Road Runner, Wile E. Coyote
Wile E. Coyote (also known simply as "The Coyote") and the Road Runner are cartoon characters from a series of Looney Tunes and Merrie Melodies cartoons, created by Chuck Jones in 1949 for Warner Brothers. more...
Chuck Jones based the films on a Mark Twain book called Roughing It, in which Twain noted that coyotes are starving and hungry and would chase a roadrunner.
Chuck Jones once said of his most famous protagonist and antagonist that "Wile E. is my reality, Bugs Bunny is my goal." He originally created the Road Runner cartoons as a parody of traditional "cat and mouse" cartoons (such as Tom and Jerry) which were increasingly popular at the time. The cartoons' Southwestern setting also mirrors the setting of the Krazy Kat comics, by George Herriman.

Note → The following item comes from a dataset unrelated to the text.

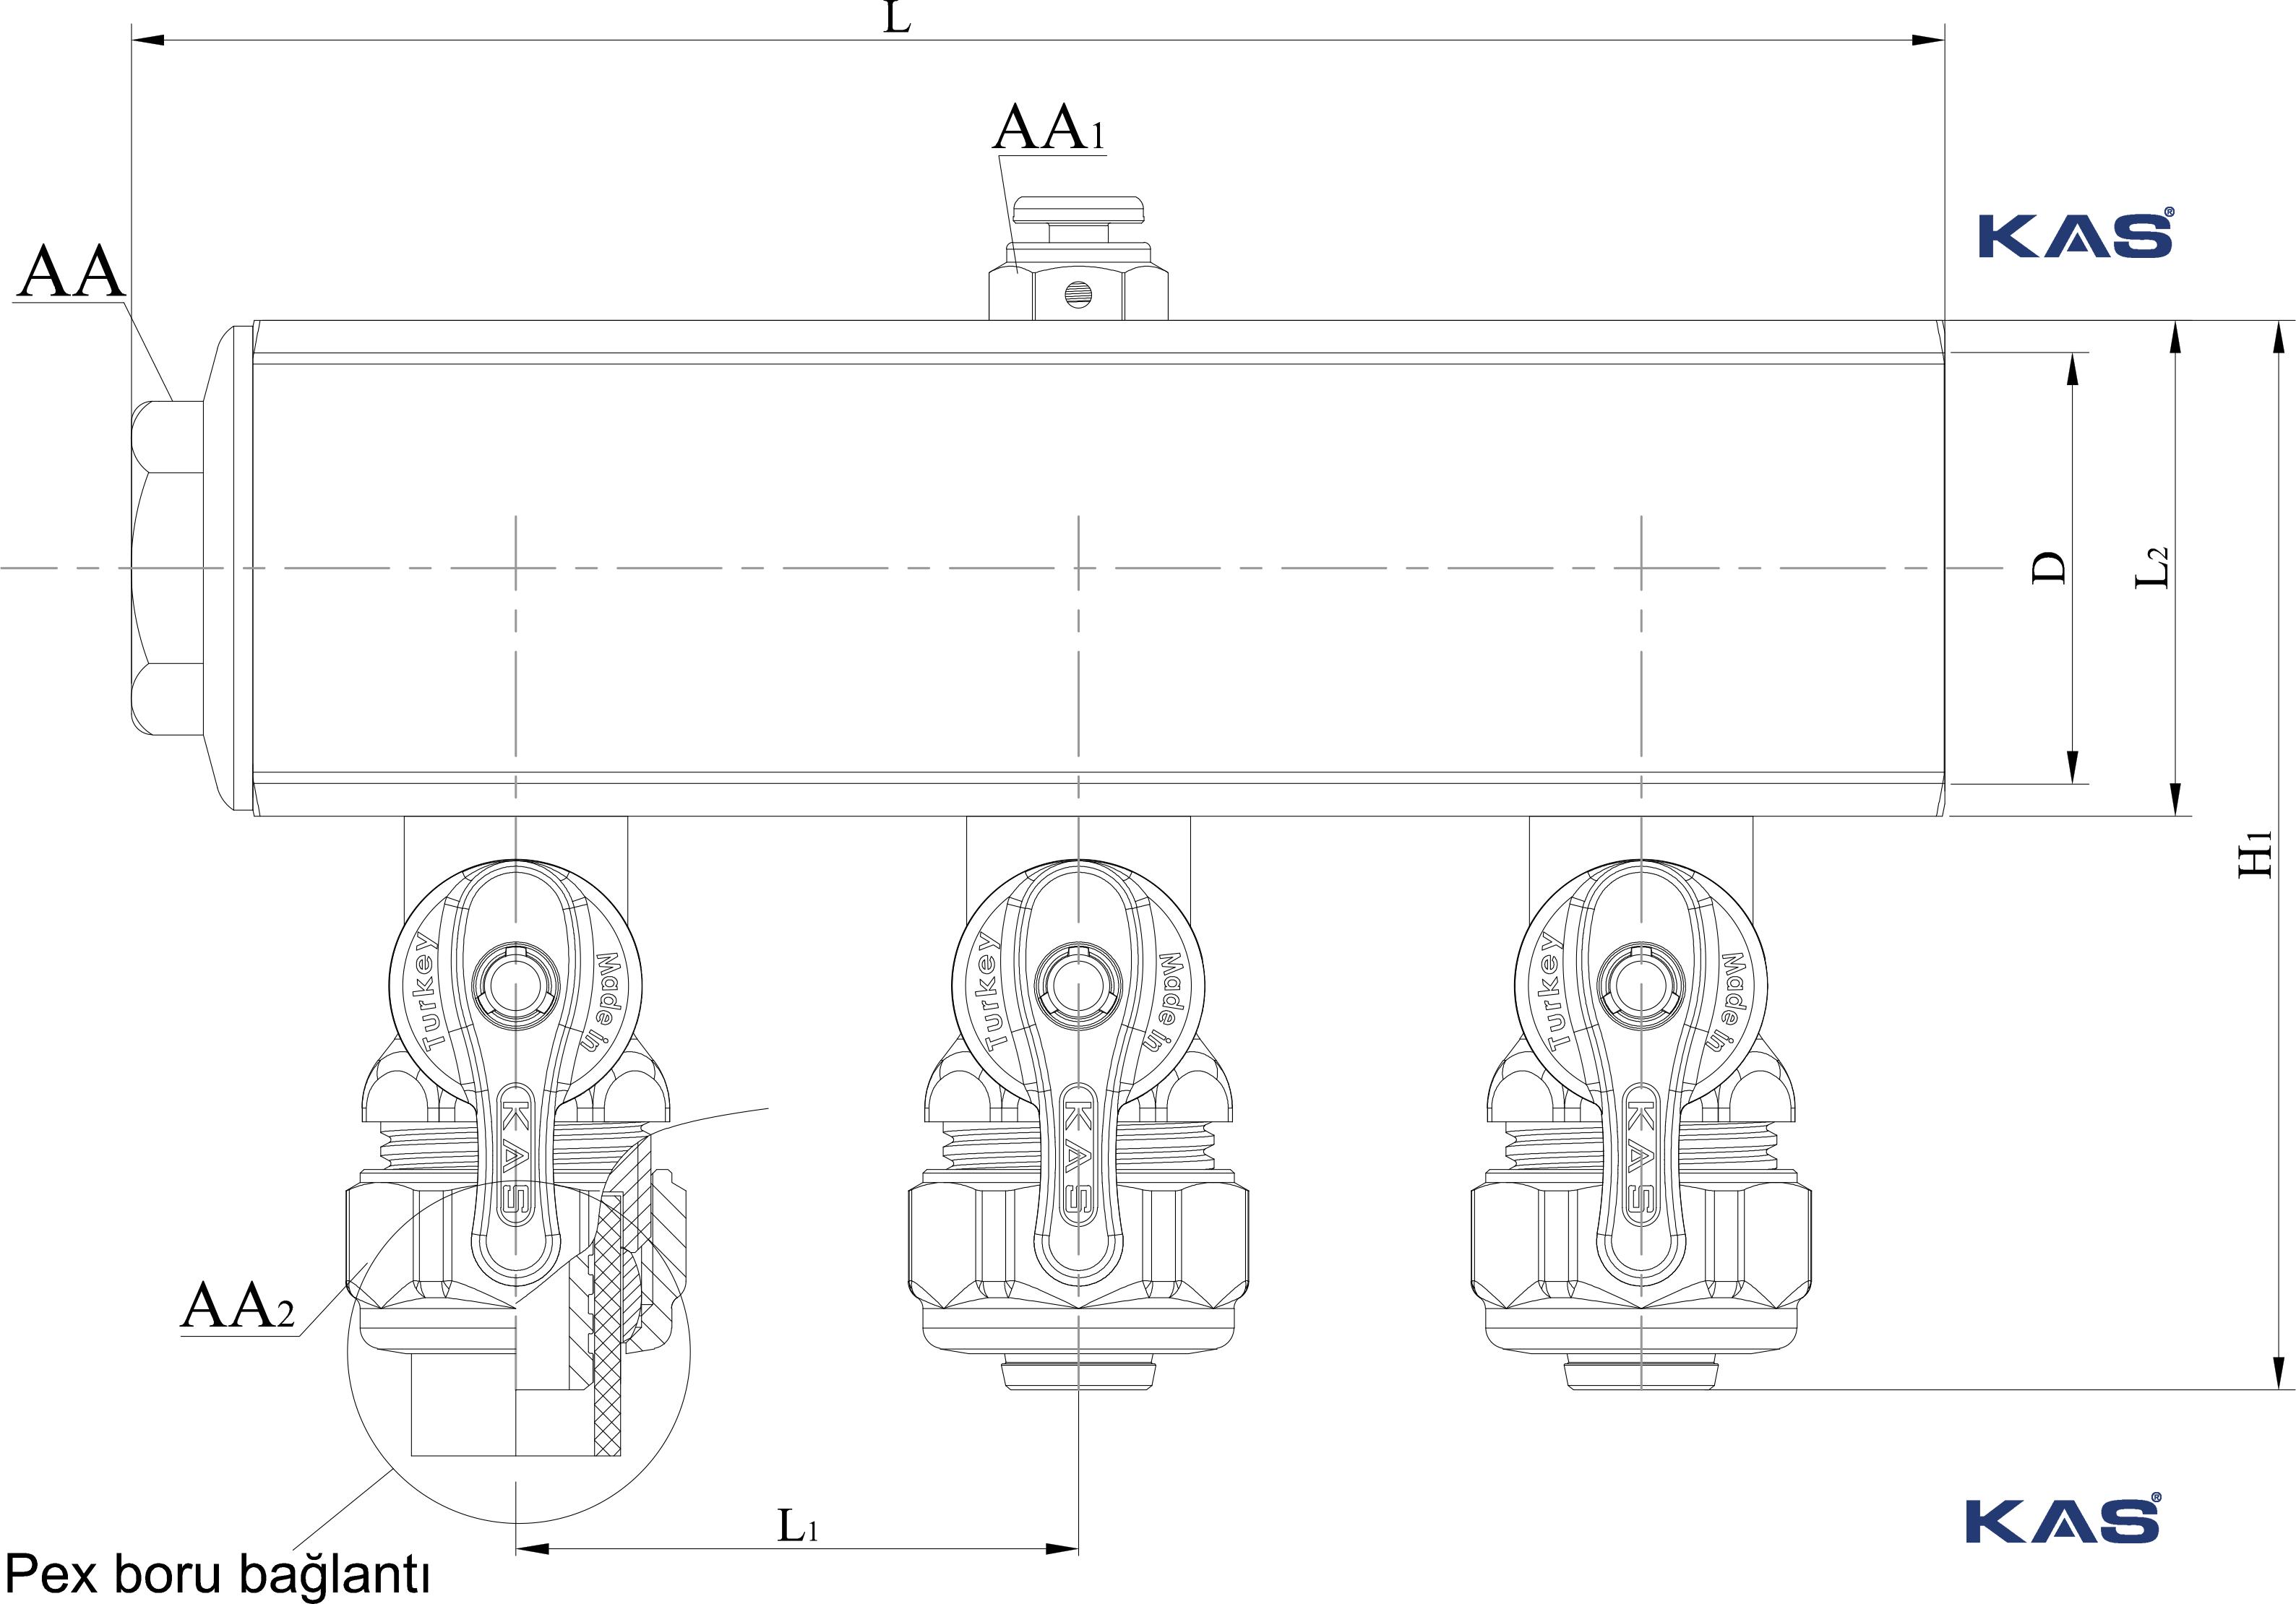 Mini-vanali-kollektor-montaj-resimi

The Road Runner was voiced by Paul Julian, who worked as a background painter for Friz Freleng's unit.
Premise
The Road Runner shorts are very simple in their premise: the Road Runner, a flightless cartoon bird (loosely based on a real bird, the Greater Roadrunner), is chased down the highways of the Southwestern United States by a hungry coyote, named Wile E. Coyote (a pun on "wily coyote"). Despite numerous clever attempts, the coyote never catches or kills the Road Runner. (Although The Solid Tin Coyote does nab the roadrunner, he throws the coyote into his cavernous mouth following the "EAT, STUPID" command, and in Soup or Sonic, after running in and out of pipes that would magically resize the pair, the coyote is getting ready to eat the Road Runner, when he suddenly realizes that he is miniature and his prey is gigantic, to which he then looks at the camera and holds up the signs "All right, wise guys, you always wanted me to catch him - now what do I do?") All of his elaborate schemes end up injuring himself in humorous instances of highly exaggerated cartoon slapstick violence.